Review: ‘The Sellout’

“If Disneyland was indeed the happiest place on earth, you’d either keep it a secret or the price of admission would be free and not the yearly equivalent of the GDP of a small sub-Saharan African country like Detroit.”

Paul Beatty’s The Sellout, which has deservedly won the Man Booker Prize this year, is filled with pure satiric genius. Bold and daring, The Sellout is witty and bitingly ironic, reminiscent of the styles of Kurt Vonnegut and Joseph Heller. The novel’s protagonist is a black man nicknamed Bonbon, raised in Dickens, Los Angeles, by his sociologist father who studies race by running experiments on him. When his father is murdered meaninglessly in an instance of police brutality, Bonbon attempts to revitalize his town and its people by reintroducing slavery and segregation.
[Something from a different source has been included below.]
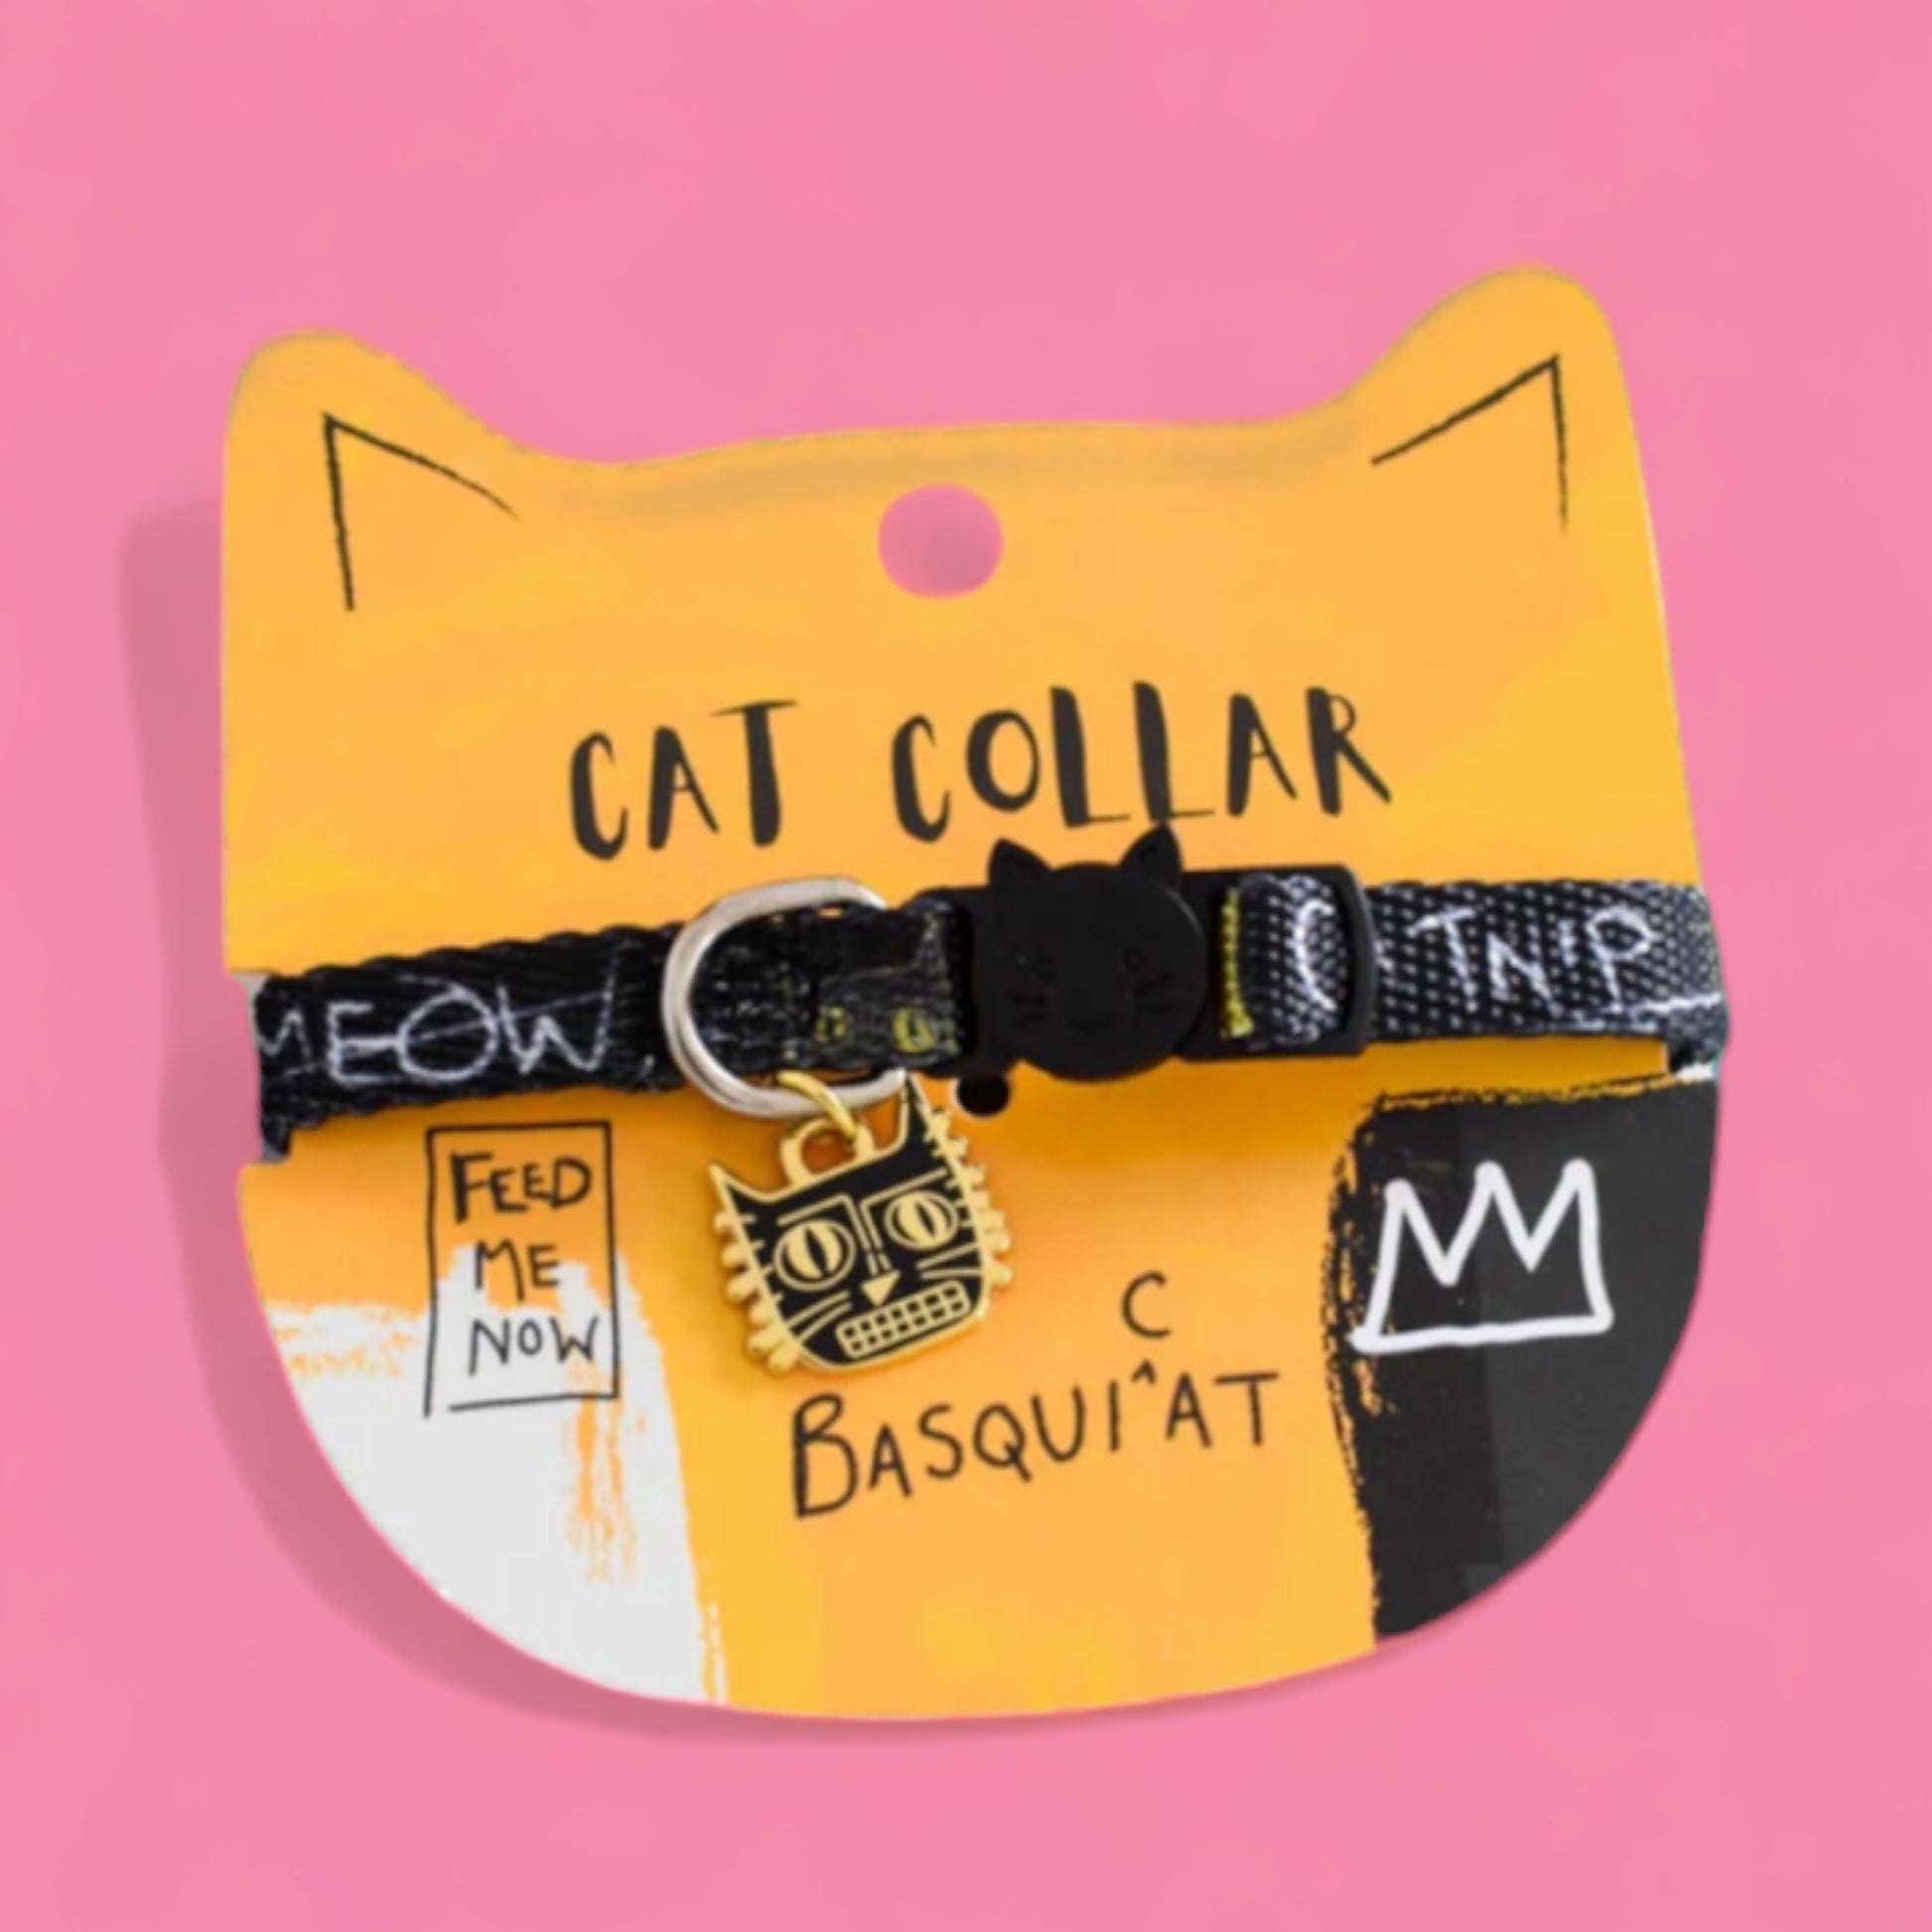 BasquiCAT Cat Collar - Hella Kitsch

Since Bonbon’s last name is ‘Me,’ the novel begins with Bonbon facing the Supreme Court in the case of ‘Me v United States of America.’ This sets the tone of the novel, as Beatty systematically sets himself against every aspect of American culture and deconstructs it.

Cover photograph by the reviewer.
Cover photograph by the reviewer.

The novel’s central theme is the absurdity of the notion of a post-racial United States of America, as Beatty successfully demonstrates that people of colour experience racism in every aspect of their lives on a daily basis. Beatty is willing to take risks and to shock, and in the process, he confronts the stereotypes that African-Americans in the United States often face. From heavy topics like police brutality, the portrayal of people of colour in entertainment, gentrification, and ongoing segregation in neighbourhoods across the United States, Beatty segues into the more mundane, but equally important, appearances of racism: on a bus, people avoid sitting next to a black man as much as possible. Through conversations between a white woman named Laura Jane and Marpessa, Bonbon’s black girlfriend, Beatty also addresses some of the stereotypes people of colour face every day. Marpessa challenges Laura Jane’s belief that being unable to achieve the American dream is solely about class, not race. Through Marpessa’s furious response to Laura Jane’s assertions, Beatty argues that race has everything to do with African-Americans disproportionately experiencing poverty.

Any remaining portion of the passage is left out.